8710 W / 240 V = 36.2916 A

So using this method you can use a 40 ampere breaker, and appropriately sized wire. However, keep in mind that if you change the equipment, you'll have to do the calculation again. So while you can use this value, you may have to upgrade the circuit later if you change equipment.

Note 4

I'm not exactly sure how note 4 comes into play, but I think it can be used if this is the only equipment on the branch circuit. Just for fun, let's run through that one too.

4. Branch-Circuit Load. It shall be permissible to calculate the branch-circuit load for one range in accordance with Table 220.55. The branch-circuit load for one wall-mounted oven or one counter-mounted cooking unit shall be the nameplate rating of the appliance. The branch-circuit load for a counter-mounted cooking unit and not more than two wall-mounted ovens, all supplied from a single branch circuit and located in the same room, shall be calculated by adding the nameplate rating of the individual appliances and treating this total as equivalent to one range.

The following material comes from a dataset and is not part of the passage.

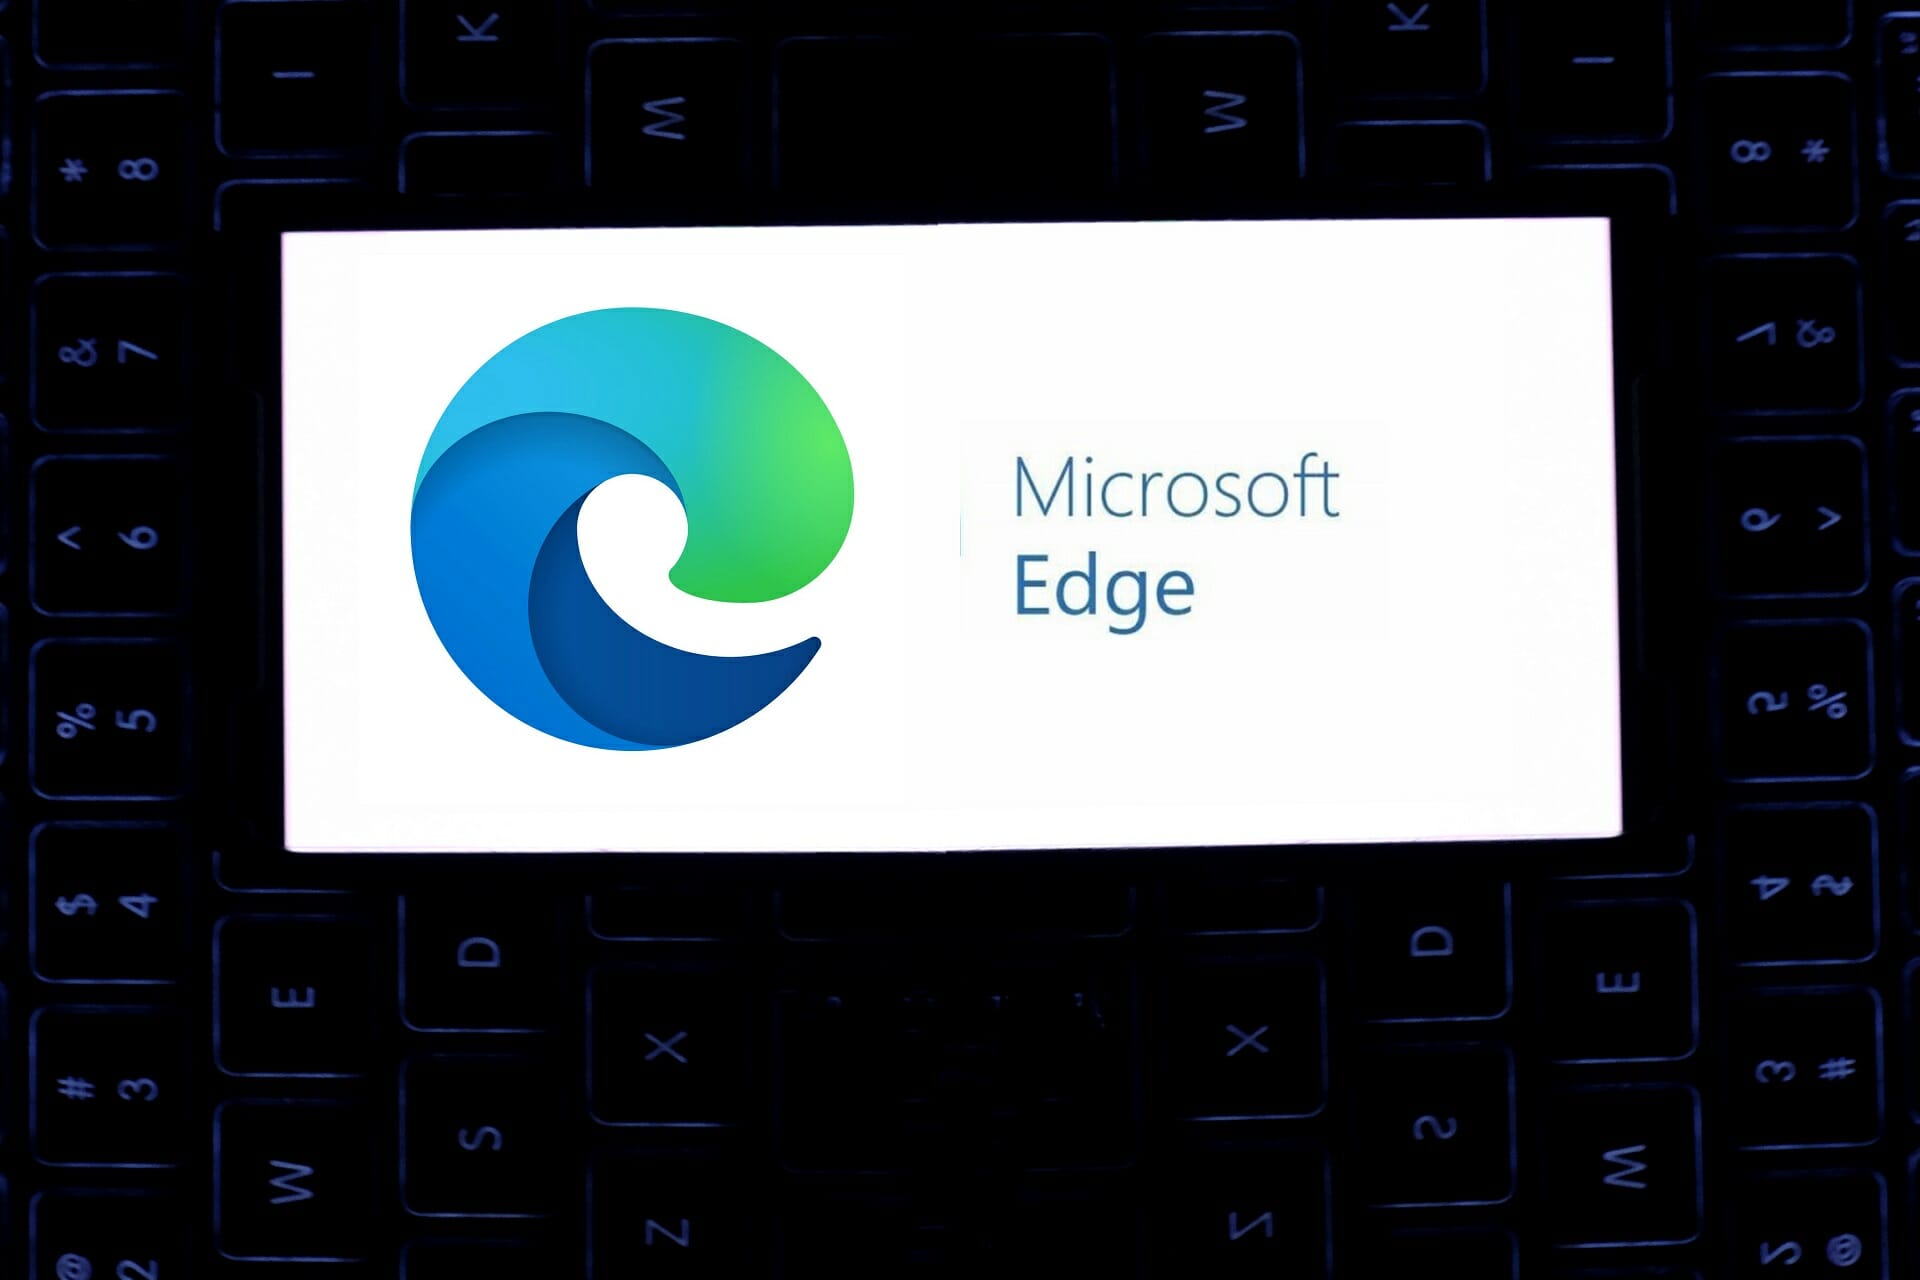 Microsoft will adds new enterprise features to Edge 85

You're only concerned with the second half of this note, since you have one counter-mounted cooking unit, and one wall-mounted oven, all supplied by a single branch-circuit, and located in the same room. So you can add the nameplate values, and treat it as a single range.

8.4 kW + 5.0 kW = 13.4 kW

So you can treat the units as a single 13.4 kW range. Check the column C again, this time for a single range. You'll find a value of 8 kW. But wait... The column header says "(Not over 12 kW Rating)". Your range is 13.4 kW. That's bigger than 12 kW. Now you'll have to check note 1

1. Over 12 kW through 27 kW ranges all of same rating. For ranges individually rated more than 12 kW but not more than 27 kW, the maximum demand in Column C shall be increased 5 percent for each additional kilowatt of rating or major fraction thereof by which the rating of individual ranges exceeds 12 kW.

That's easy enough.

13.4 kW - 8 kW = 5.4 kW

Since .4 is not a "major fraction", you can just use 5 kW. So you'll have to add 5% 5 times.

5% * 5 = 0.25
8000 W * 0.25 = 2000 W
8000 W + 2000 W = 10,000 W

That means you'll have to use 10 kW as your demand.

10,000 W / 240 V = 41.666 A

Which means you can use a 50 ampere breaker, and appropriately size wire.